Pour moi, pépé était comme ces créatures de dessins animés : il était immortel. Il garderait éternellement une forme olympique. Je ne comprends pas pourquoi ils l’ont conduit dans cet hôpital. Pour preuve, les souvenirs qui me viennent en mémoire restent son refus de consulter un médecin. Maman se chargeait de l’amener auprès de grands spécialistes pour lui faire exécuter des examens médicaux. A cet instant, la présence de mon grand-père me manquait. La tristesse commençait à emplir mon cœur. A cet âge enfantin, je ne comprenais pas exactement la tournure des évènements. Pépé ne pourrait pas revenir chez lui, il était beaucoup trop malade et devait rester dans cette chambre d’hôpital pour bénéficier de tous les soins nécessaires. Il m’était interdit de lui rendre visite. Parfois, même maman, ne pouvait pas se rendre à son chevet.

C’est étrange, lui qui n’avait jamais mis les pieds chez un médecin, qui soignait sa toux avec ses gitanes et sa fièvre avec son petit verre de rouge, aujourd’hui il n’avait plus le droit de fumer, plus le droit de boire et était alimenté par un tuyau. Je voulais le voir, je voulais me mettre près de lui et regarder un nouvel épisode de « La petite maison dans la prairie ». Je voulais faire un tour de tracteur avec lui. A cet instant, j’ai pris conscience que tous ces bons moments ne serviront qu’à alimenter mes souvenirs d’enfance.

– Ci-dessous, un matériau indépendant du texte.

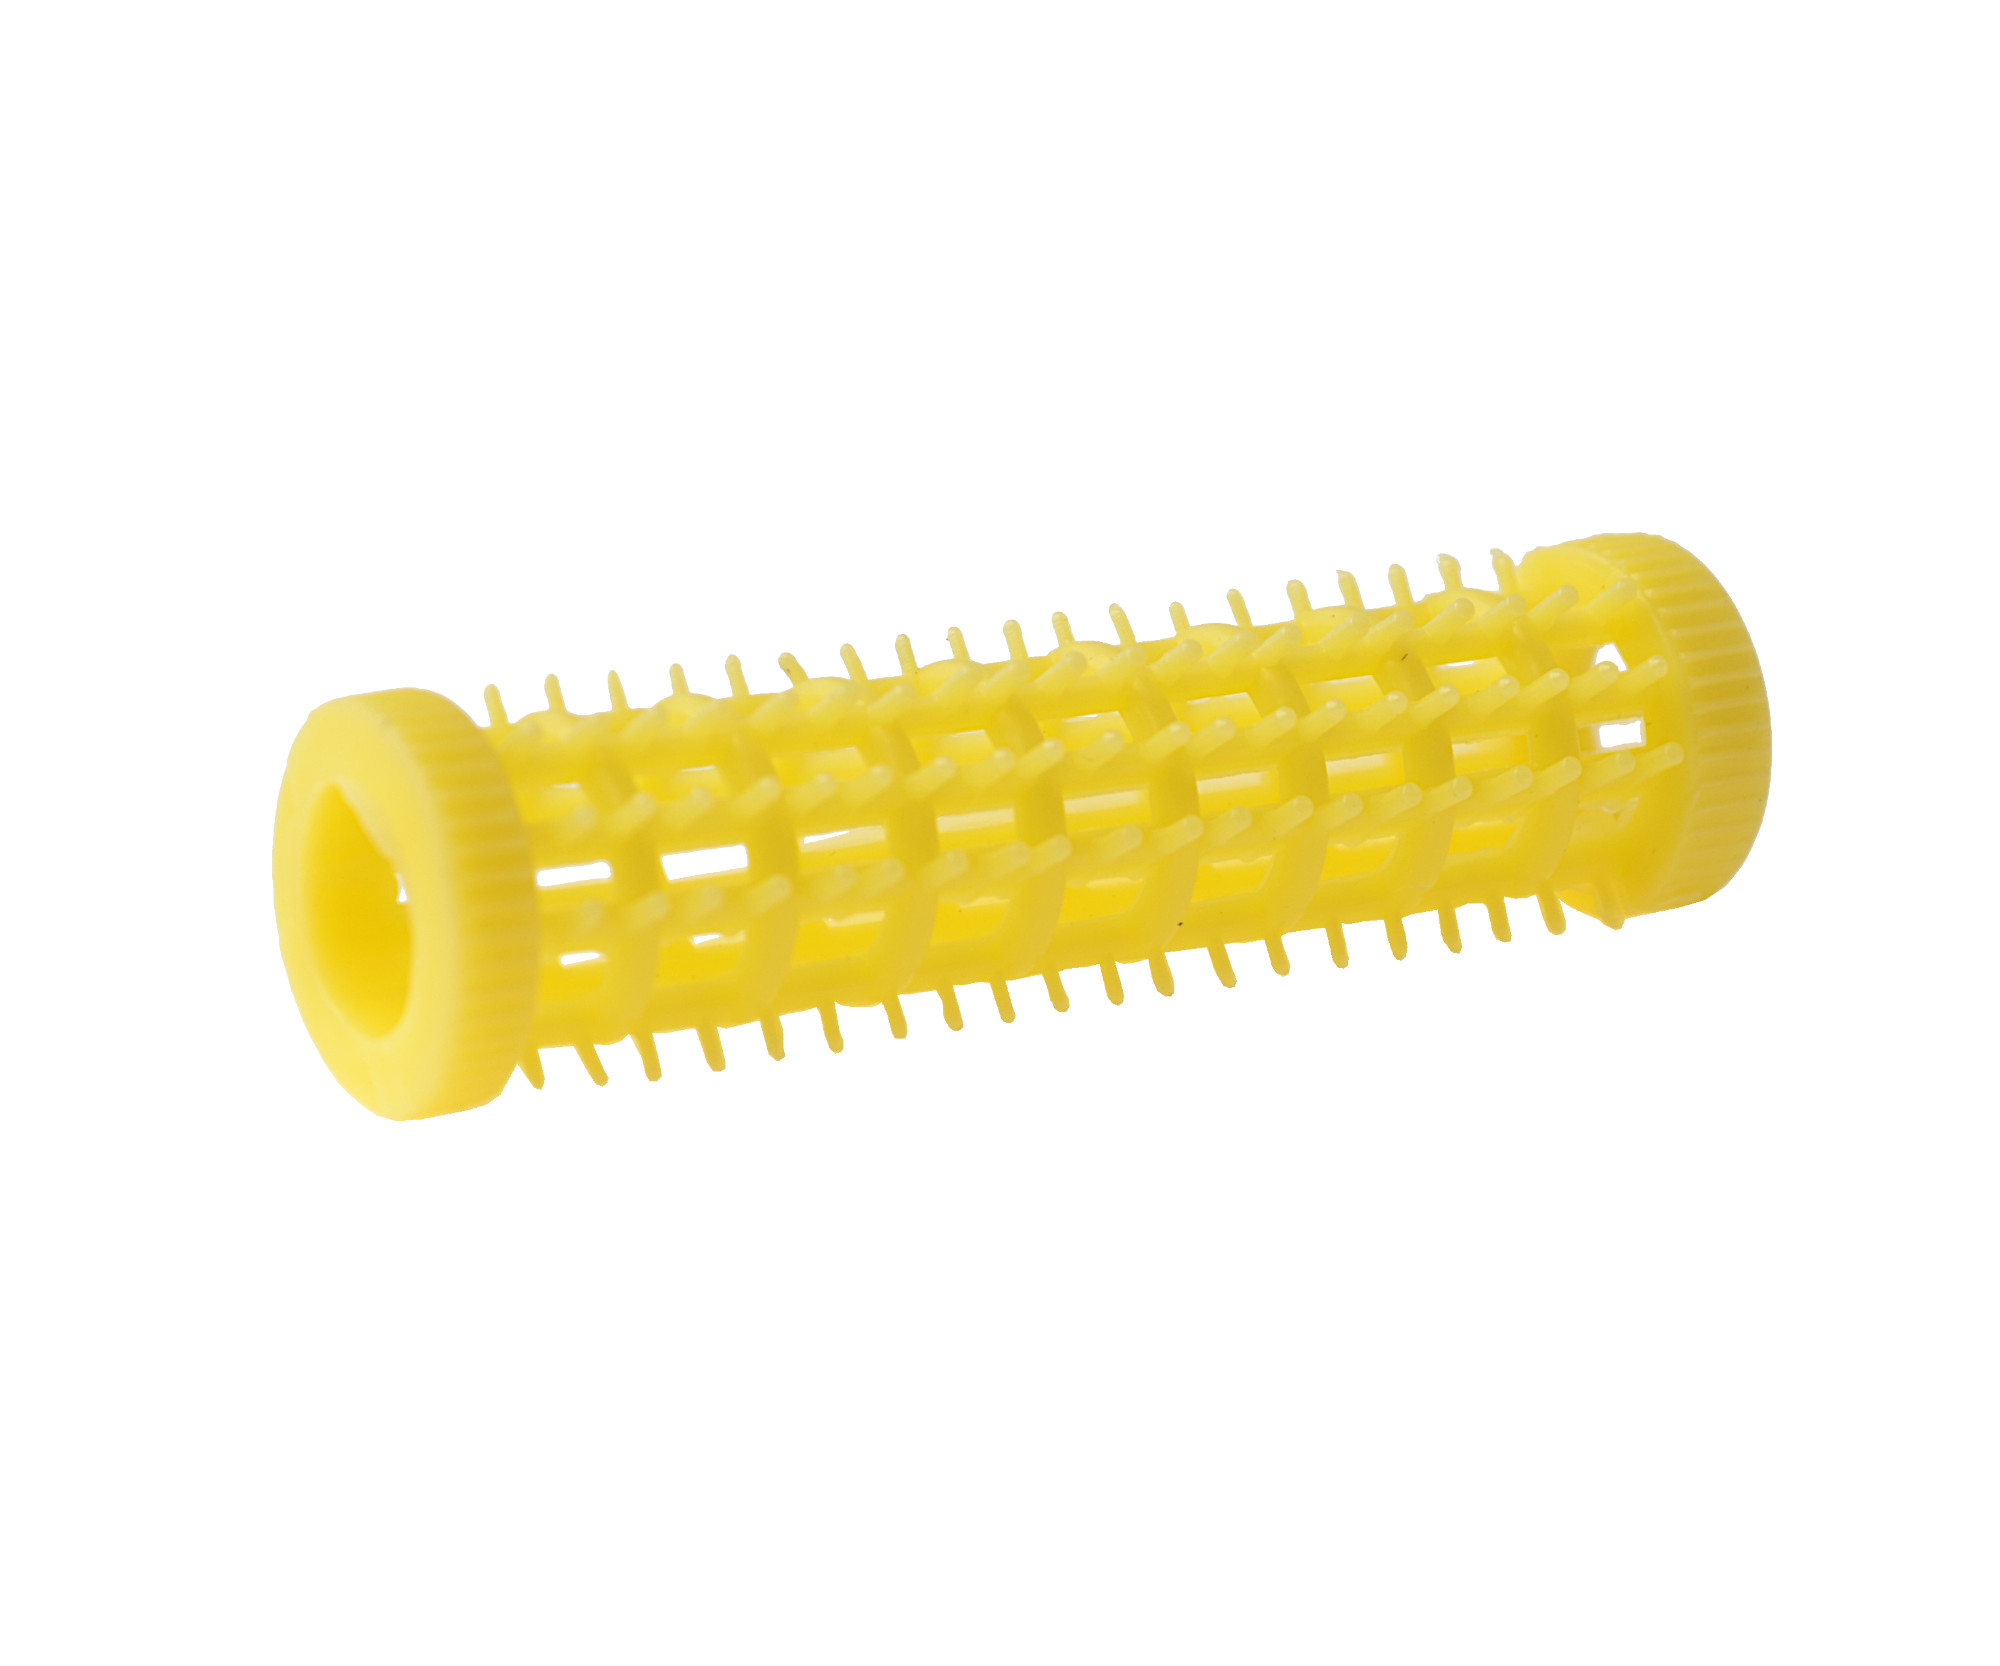 Plastové natáčky na vlasy s jehlami Bellazi - pr. 13 mm, 12 ks, žluté

Il était âgé c’est vrai, mais, il avait la force, il avait la volonté, il voulait voir du monde, il voulait travailler. En le privant de son plaisir de la terre, le patron lui avait mis un pied dans la tombe. Cette personne dure comme un roc, n’eut même pas l’audace de se présenter à ses obsèques.

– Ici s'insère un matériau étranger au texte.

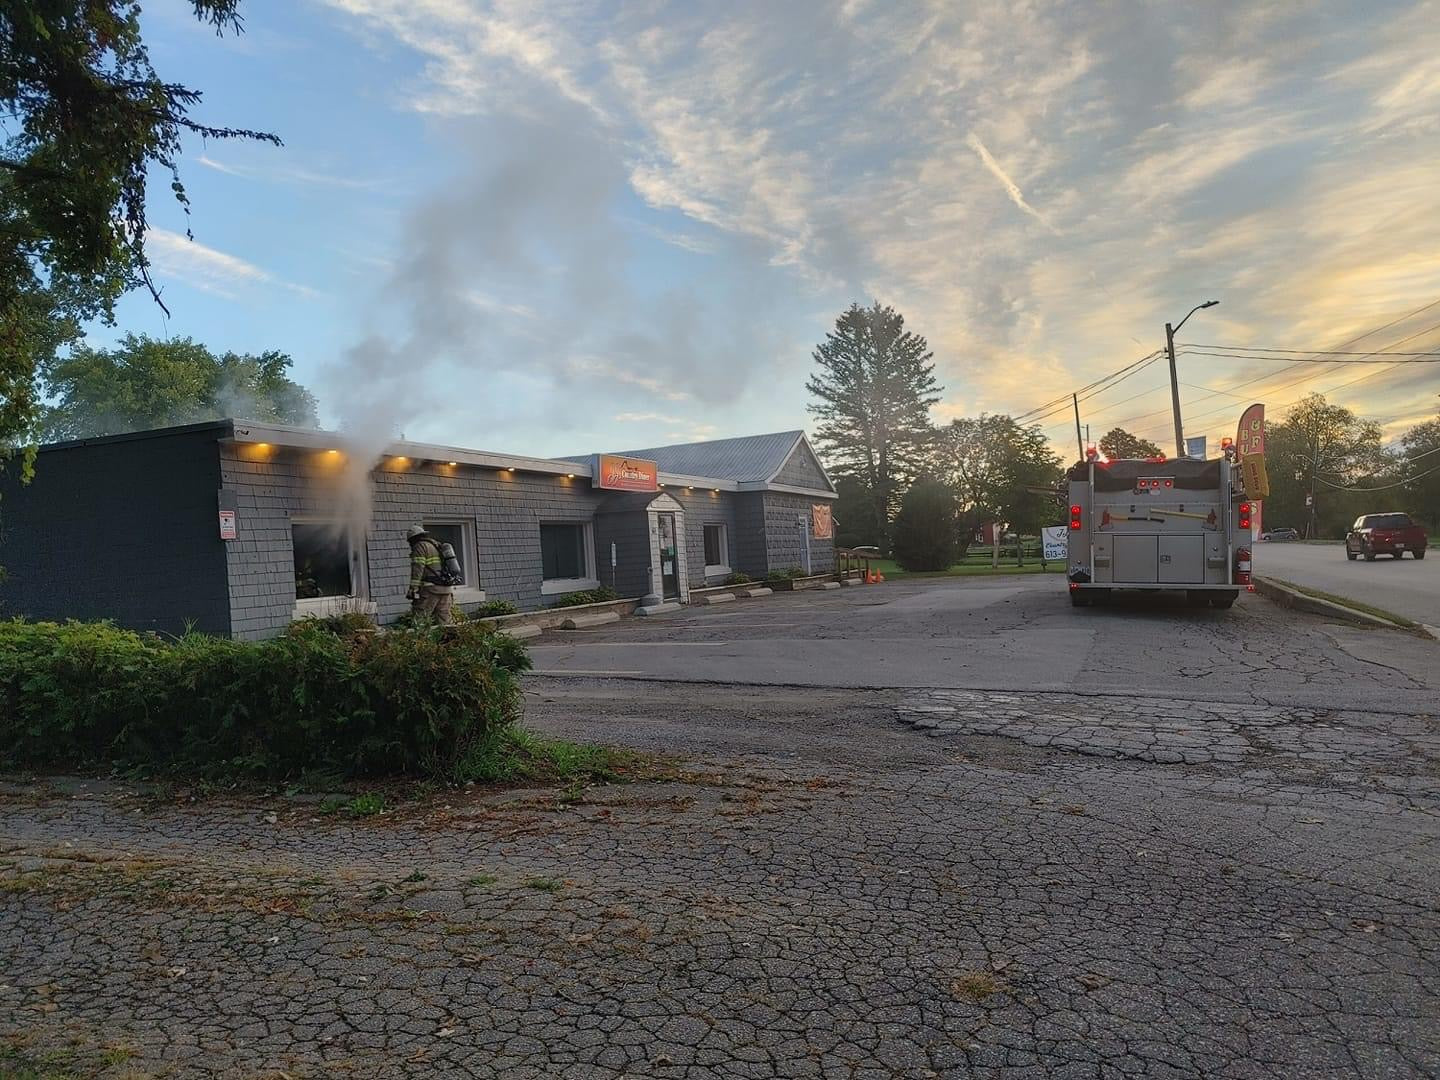 JJ's Country Diner during September 2021 fire

Ce souvenir si marquant reste gravé dans le cœur d’une jeune fille. A neuf ans, on découvre un amour prodigieux. Mais à dix ans, la maladie et la mort restent difficilement compréhensives. Est-ce possible que ce pépé qui m’a appris l’amour, ne soit plus de ce monde, sur qui vais-je me reposer, sur qui vais-je prendre l’exemple ? C’est en le gardant dans mon cœur que je ne l’oublierai pas et c’est en le gardant dans ma mémoire qu’il restera près de moi.